The 250 has slightly different hands tho....


----------



## jasonm (Nov 22, 2003)

Fine mate









So its the 750 for me then, me of thick neck to wrist ratio


----------



## JonW (Mar 23, 2005)




----------



## metal_andy (Feb 20, 2004)

I, too get the Doxa thing, they are still relatively uncommon and are certainly

different to alot of what is on offer.

I bought an orange faced 600T Professional in Feb 2005 and love it

to bits, it just makes me smile when I wear it.









In fact I sold my then beloved SMP because it just wasn't getting worn.

As for the size, I have relatively small wrists at 6.5 inches and although

I wear the Doxa slightly loose, it has never felt too big or flapped around too much.

I think the 750T probably would be too big for me.

Cheers

Andy


----------



## Isthmus (Sep 29, 2005)

JonW said:


> When all the 600s were almost gone Doxa made a new Sub750 Carribean which had a bluey purple dial in the new 750 case size....
> 
> (note Errors and Omissions Excepted - feel free to add your improvements to my narritve below...)


A little correction. The caribbean (lower cased c is intentional) has more of a midnight blue dial (not quite as dark as navy blue) with no hints of purple. Also, unlike all the other re-issues, the caribbean is the only Doxa to be a new model and not a re-issue. The current owner of the Doxa brand (and the company responsible for reviving it), Jenny, has a long history of making dive watches. They are especially famous for developing a single piece monocoque case during the 1970's which they sold to different manufacturers, to be used on watches rated up to 1,000 m (I think I've seen a 2,000 m rated watch, but don't quote me on this). Jenny's own version of that watch was called the Jenny Caribbean (upper case C intentional). Anyone who used their case was also required to call their watch a Caribbean, which is why you see similar watches with the same name from several different brands.

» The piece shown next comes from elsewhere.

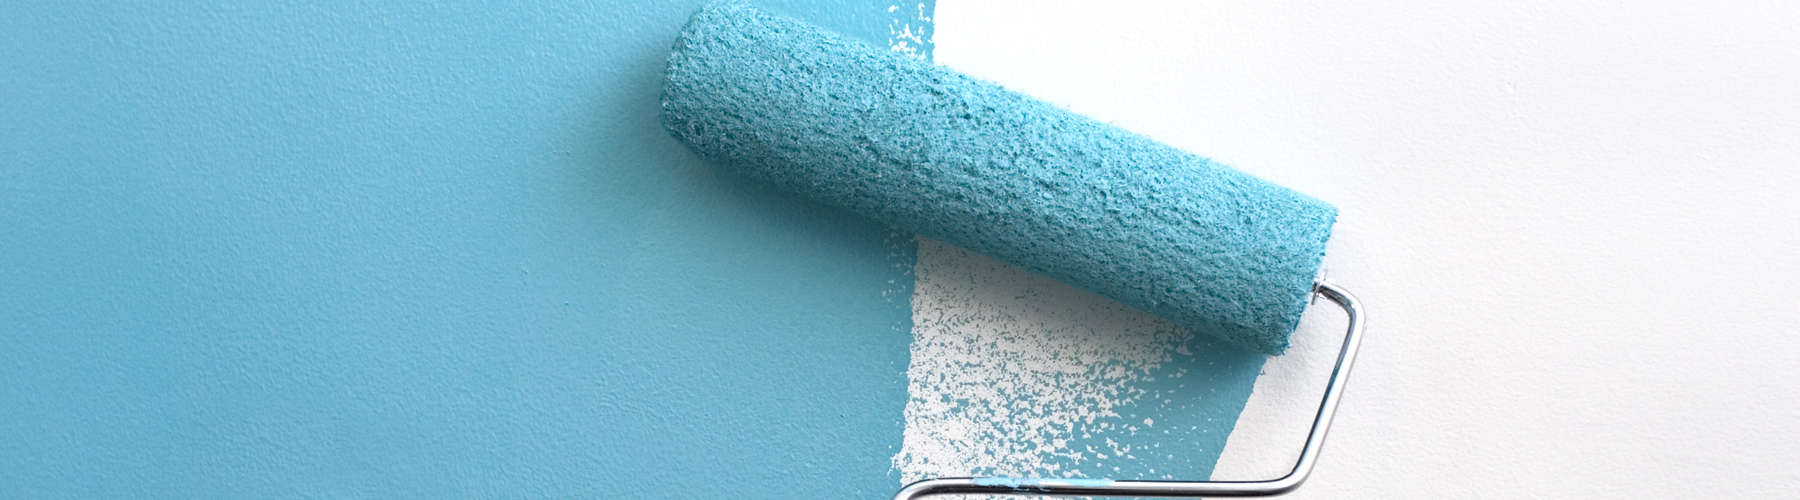 A paint roller covered in teal blue paint, painting over an interior white wall.

Jenny's Caribbean, I beleive, came in 600 and 1,000 m ratings and had a blue dial in a lighter shade than today's Doxa caribbean. When Jenny decided to build a new Doxa model and name it in honnor of their classic Caribbean, they sounded their existing customers in the Doxa forum for input regarding the design of the watch. The original prototype was made in a SUB 300 Case and was a bit different from the production model. You can see a picture of it here:

DOXA SUB 300 T CARIBBEAN PROTOTYPE

That watch is a one of a kind and it was sold at auction by Doxa. The production model is on a SUB750T case. It has different style and color hands, smaller dial font, a darker blue dial, and carries the image of a deep diving helmet. Click on the link for a picture:

DOXA SUB750T CARIBBEAN

Only 250 of them were made and for the most part were only made available to existing customers. #187 is currently resting my wrist looking happily back at me.


----------



## Nalu (Nov 28, 2003)

Good info Isthmus, but Jenny made more than blue dials 










While I'm still not convinved that this model is not a put-together, the dial certainly is real. More to follow on this one.


----------



## Isthmus (Sep 29, 2005)

Thanks forexpanding on that. Along thos same lines I guess it's worth noting that Caribbean's from other brands also came in a variety of dials and colors. To the best of my knowledge the principal thing they had in common was the case (not sure about the movement thosugh).


----------



## Dave ME (May 7, 2005)

Thanks for posting that, Jon. I quite like the look of the Doxas, and prefer the domed crystal and slightly smaller size of the 600T, but the SEL bracelet of the 750T sounds like a better buy. One day I'd like to grab one or the other!


----------



## TikTok (Mar 26, 2006)

Good read John,Really interesting.


----------



## JonW (Mar 23, 2005)

Ta guys. Especially for the Carribean info. Ive not owned one of those so wasnt that clued up on them. Nice watch but thse days its now one of the other dials in the 750 case. Of course when new it was the start of the new 750 case, dial and hands etc. The Military PVD is also a model that doesnt hark back to a previous original Doxa model.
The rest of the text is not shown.